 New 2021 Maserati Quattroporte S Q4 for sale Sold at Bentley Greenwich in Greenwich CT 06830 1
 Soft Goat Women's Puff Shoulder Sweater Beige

· · · · ·

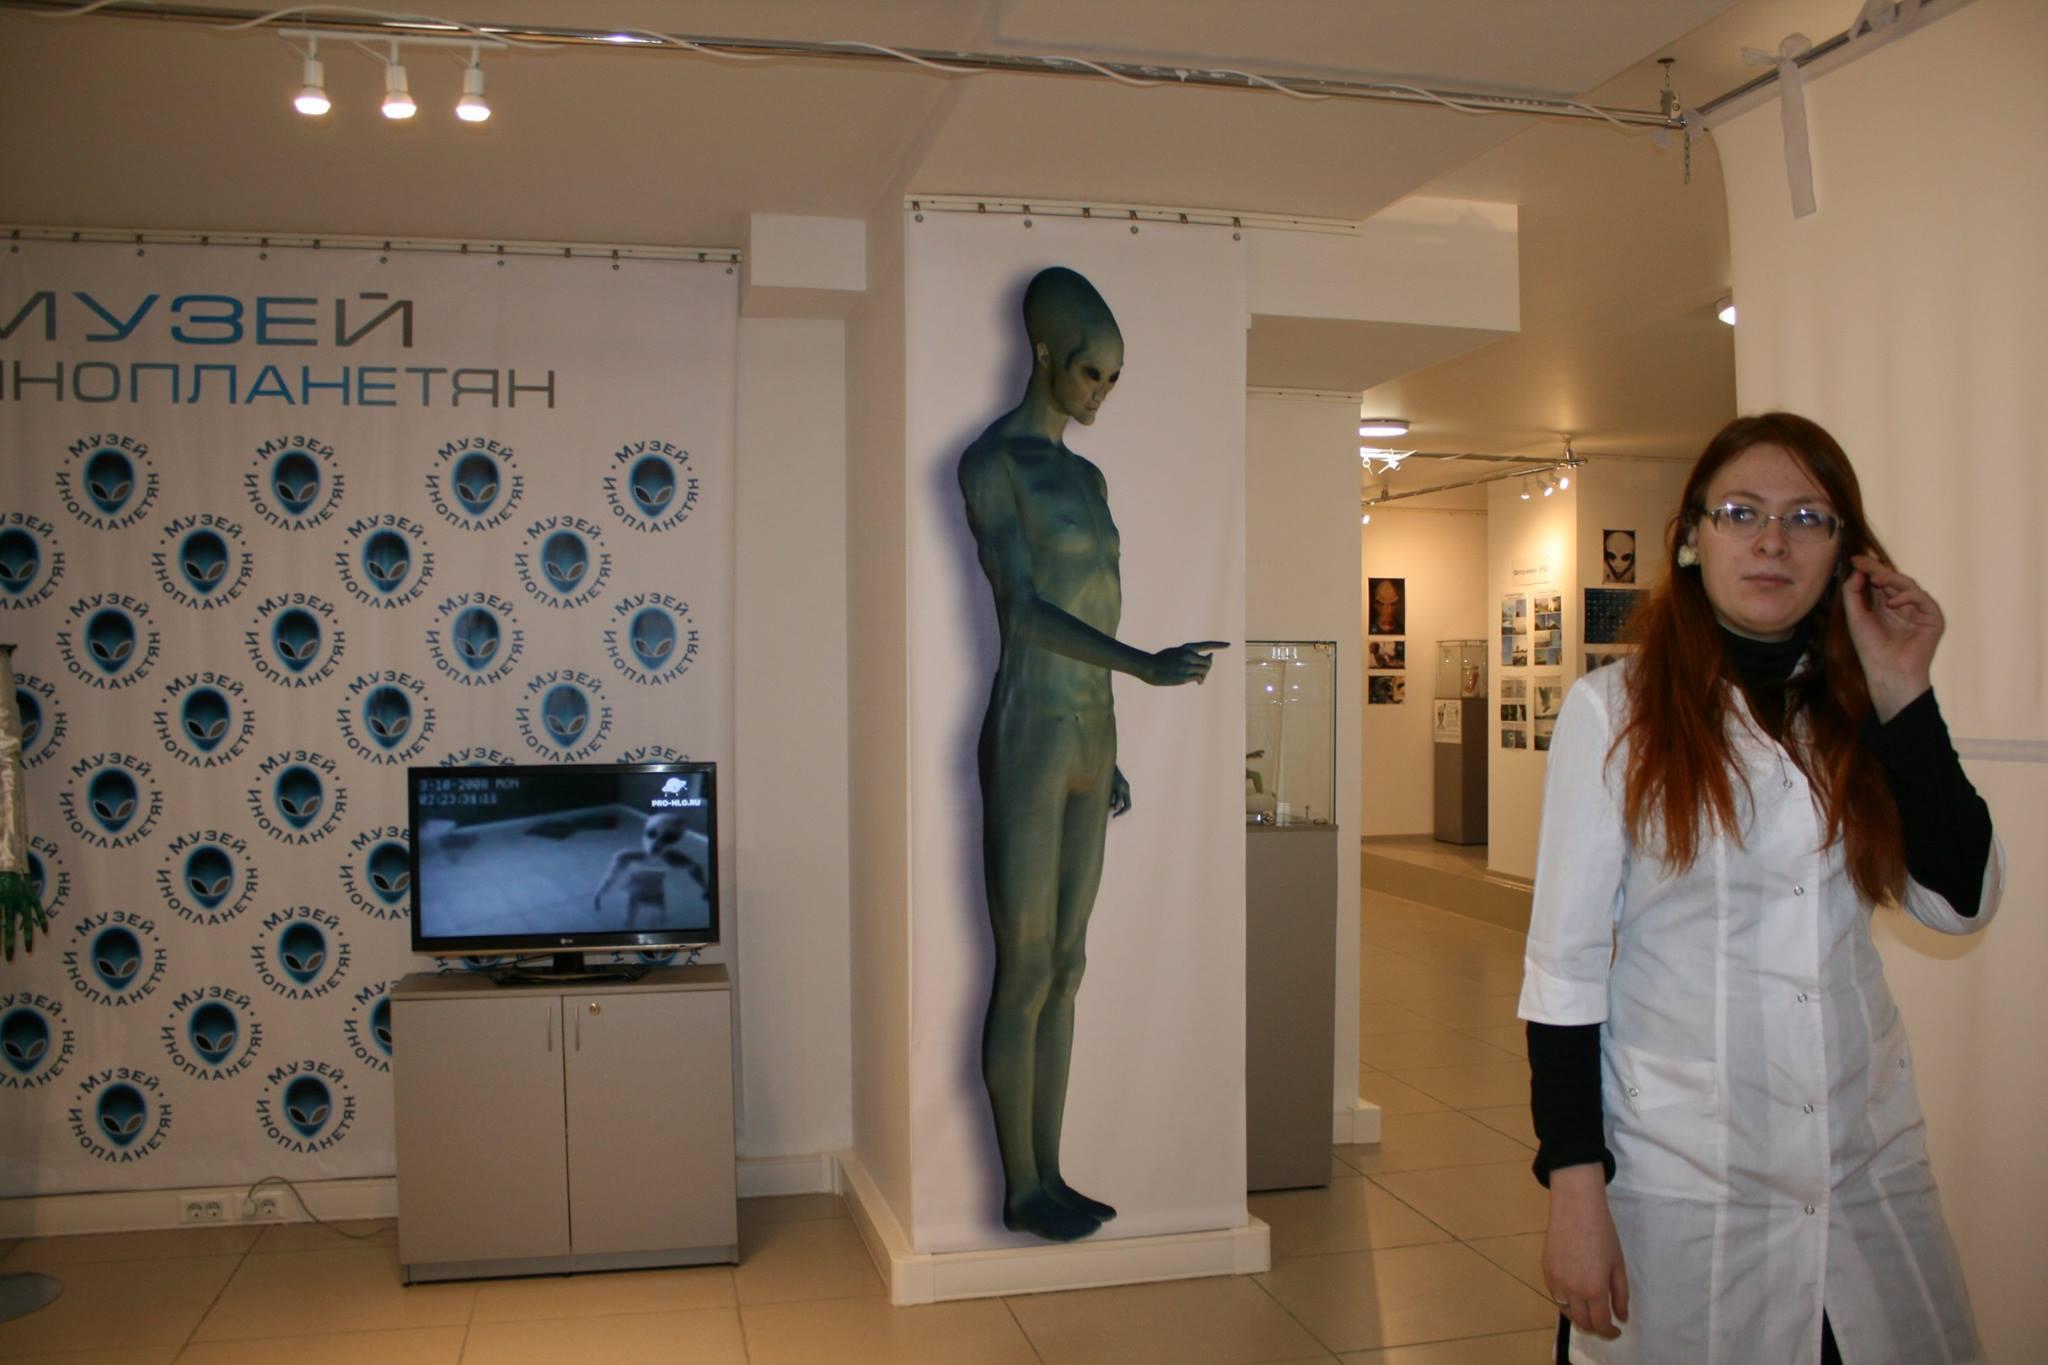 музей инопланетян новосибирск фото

· · · · ·

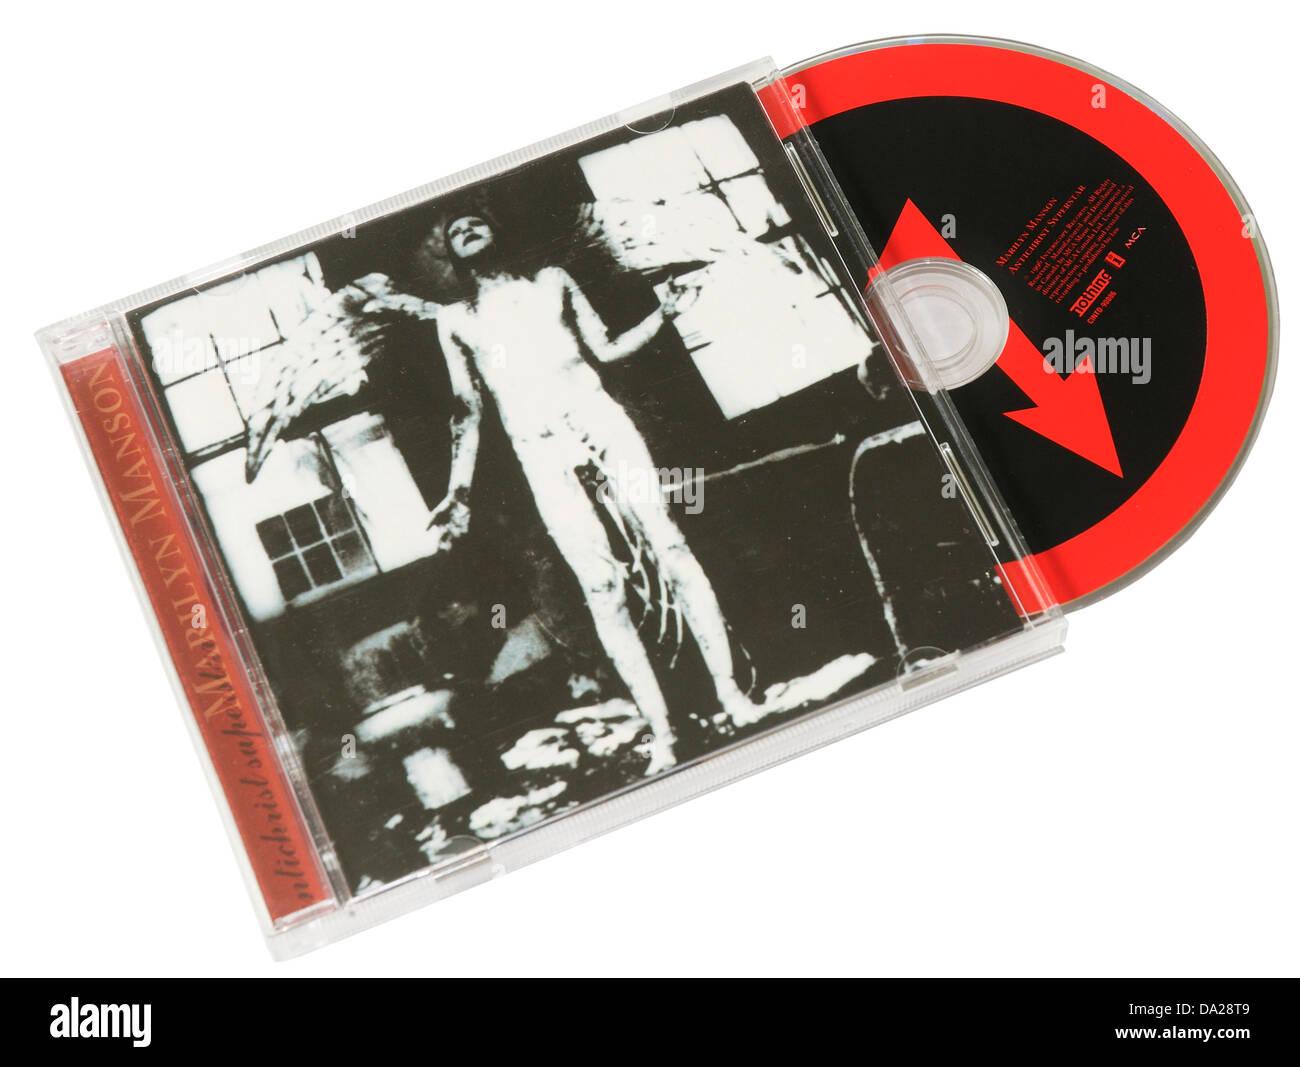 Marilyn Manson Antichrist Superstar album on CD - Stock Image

· · · · ·

# Exercise instructions:
Would you print exactly, and only, the lines of the data above from the line with "New 2021 Maserati" through the line with "Soft Goat Women's", inclusive?

# Answer area:
 New 2021 Maserati Quattroporte S Q4 for sale Sold at Bentley Greenwich in Greenwich CT 06830 1
 Soft Goat Women's Puff Shoulder Sweater Beige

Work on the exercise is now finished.